**DATA EXTRACT**.
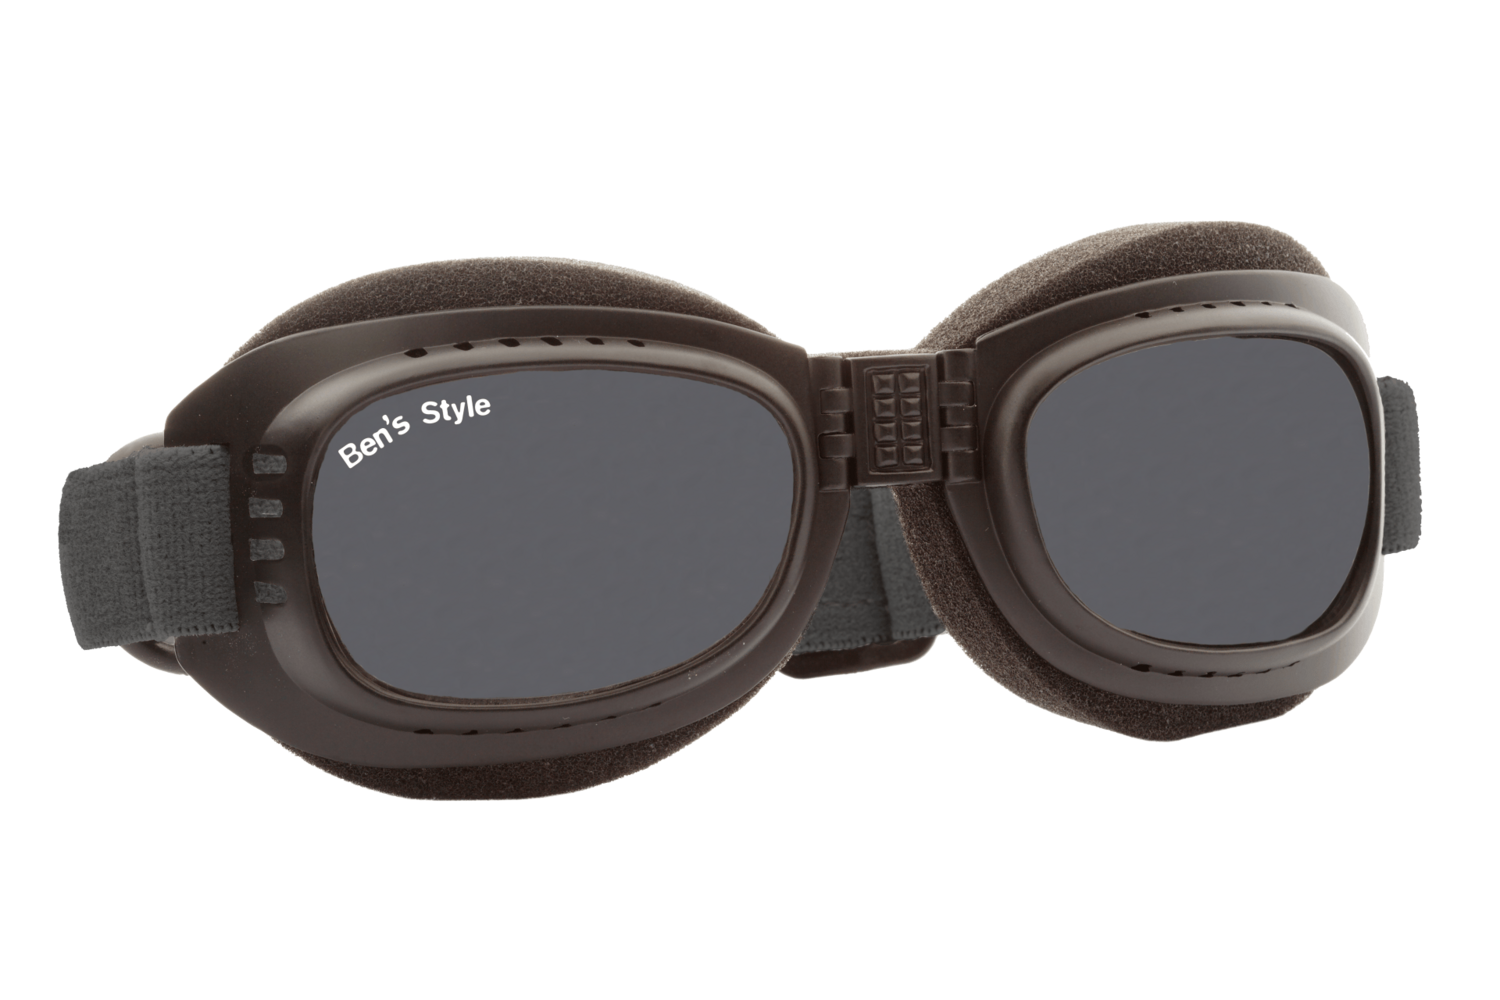 Cool I M -
Hundeschutzbrille Größe M
- Fassung: Schwarz, Gläser: Grau
Größe/Gesamtgewicht: Länge: 16,5 cm, Breite: 4,7 cm / 44 g

**TASK OBJECTIVE**.
State how many lines of the listing include "Größe", and nothing more.

**RESPONSE BELOW**.
2